You've lost me, Grant. How does deculverting part of an existing water channel make it flood proof?
It seems to me that most of the time a culverted water channel, although a very large pipe, mostly operates like any small stream of water flowing downhill. With the difference that air above the water isn't accessible by small children falling in. Nor by idiots dumping rubbish.
When the volume and flow temporarily increases the "pipe" can become, in effect, partially blocked - by water. So water could in some extreme circumstances overflow the open surfaces at one or both ends.
Have I got this wrong? To declare an interest, we have a culverted branch of the Moselle at the bottom of our garden.
I thought the idea is to allow extra water to overflow into parkland - as has been done at Lordship Rec. Whereas if it's in a pipe there is only one way out, so it overflows at the entry points.
Sure, if there's parkland to contain the overflow. And if there isn't?
My amateur understanding is also that a culvert which is full may overflow at the entry point. But possibly at the exit as well, because the culvert again becomes an open surface stream.
If you haven't already seen them, Pam, I suggest taking a look at the Council's background documents.
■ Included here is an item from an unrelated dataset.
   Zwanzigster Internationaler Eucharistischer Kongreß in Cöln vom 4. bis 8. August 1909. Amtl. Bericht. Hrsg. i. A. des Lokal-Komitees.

For our area in Tottenham Hale these still contain an aspiration to deculvert some branches of the Moselle where it passes between residential streets. (Carbuncle Passage is one example.) This includes homes where there have been rear garden extensions, non-permeable surfacing; and infill development.
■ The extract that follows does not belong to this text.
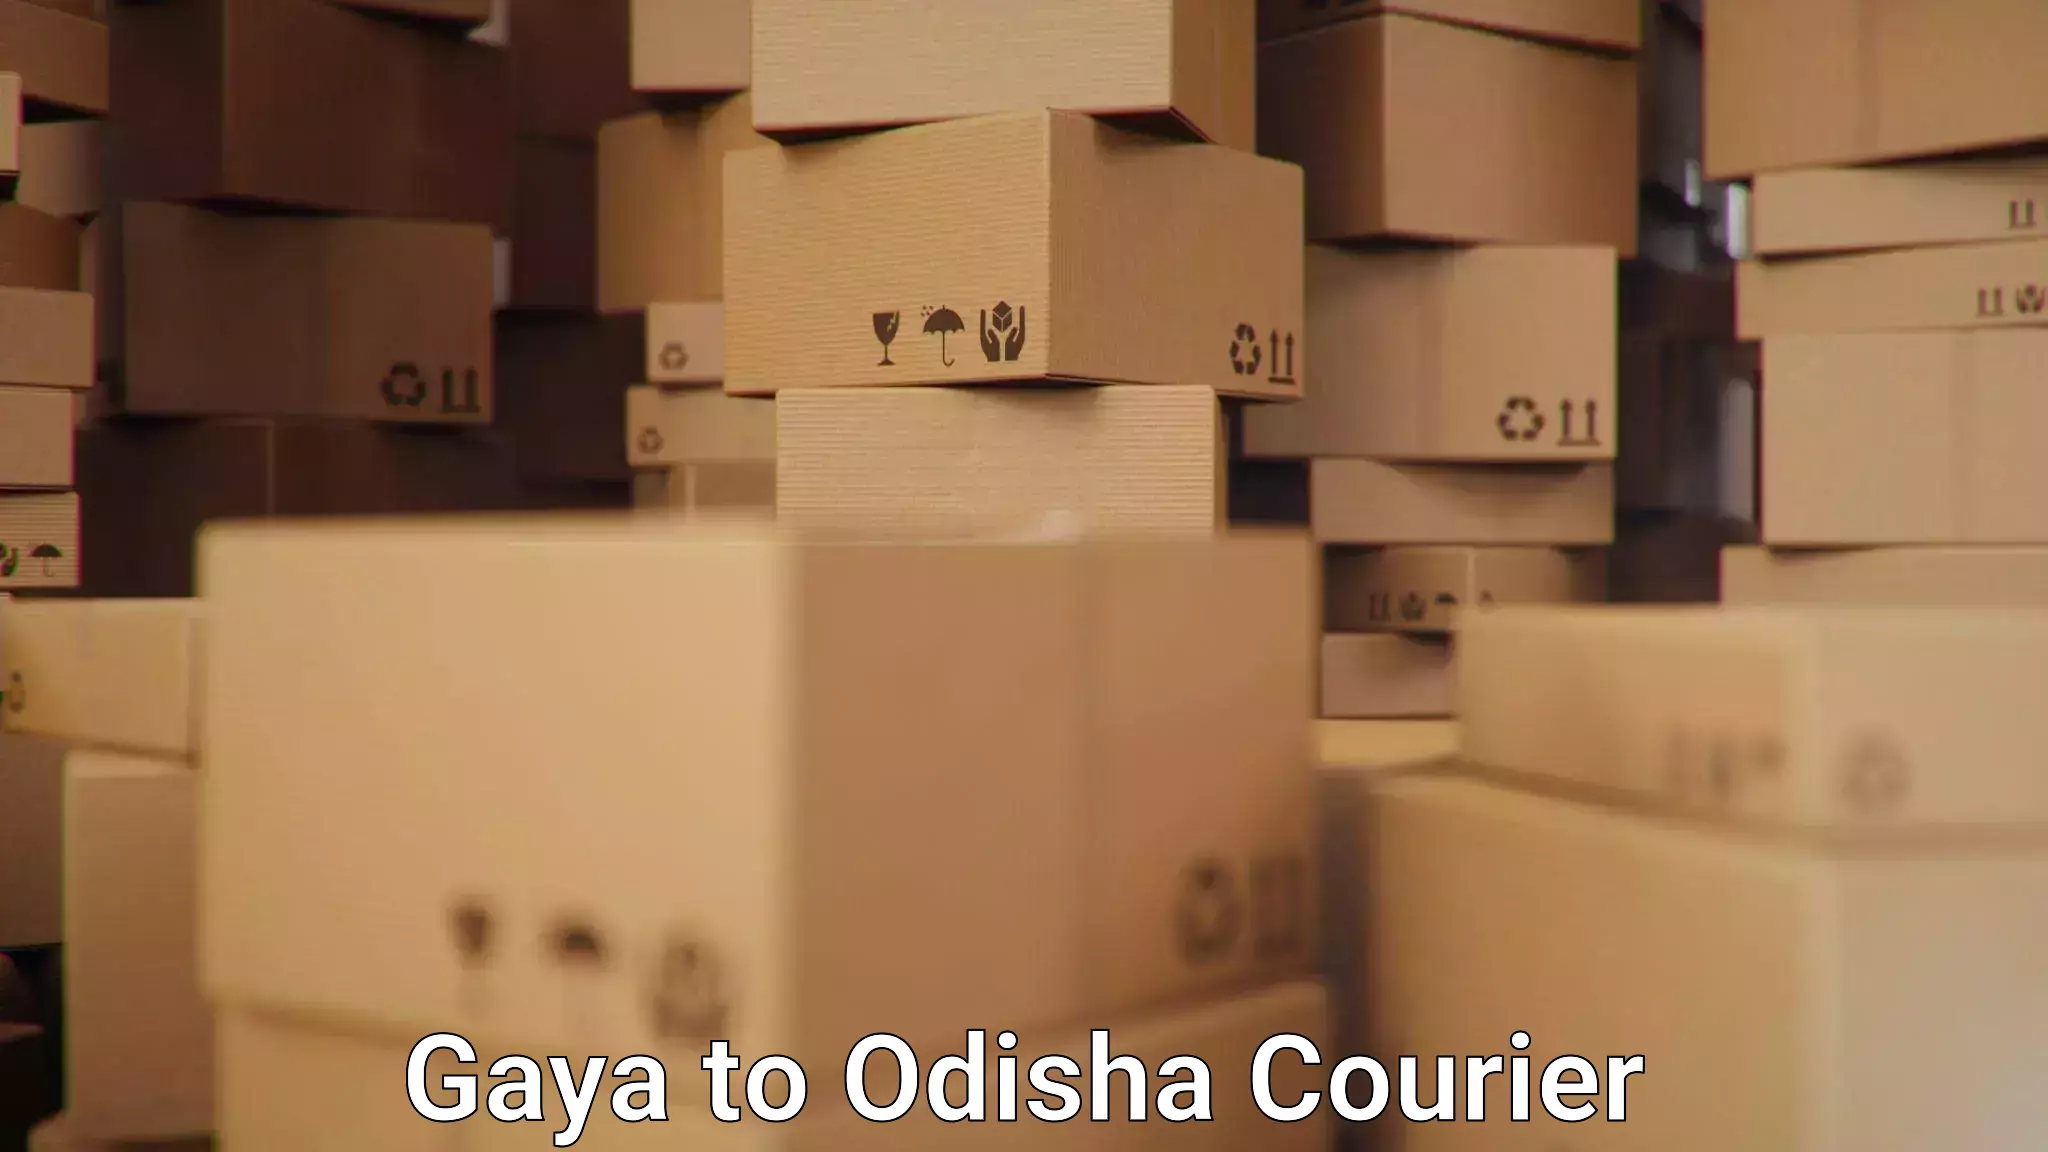 Comprehensive shipping network Gaya to Bhubaneswar

In our street a landlord has just applied to excavate a cellar.
Alan, enjoy the effluence of the affluent with luv from Claire and Joe.
I still think that Claire should come down from hill with her rubber plunger to Finsbury Park. The southernmost end of the road round the park floods regularly, creating a large pond and ending with mud.
I don't think its a plumbing problem at the moment: but its been a chronic problem after rainfall.
I suppose that for a concerted counter-action, we'll have to wait until one of Claire's Cabinet's concert-company customers complains.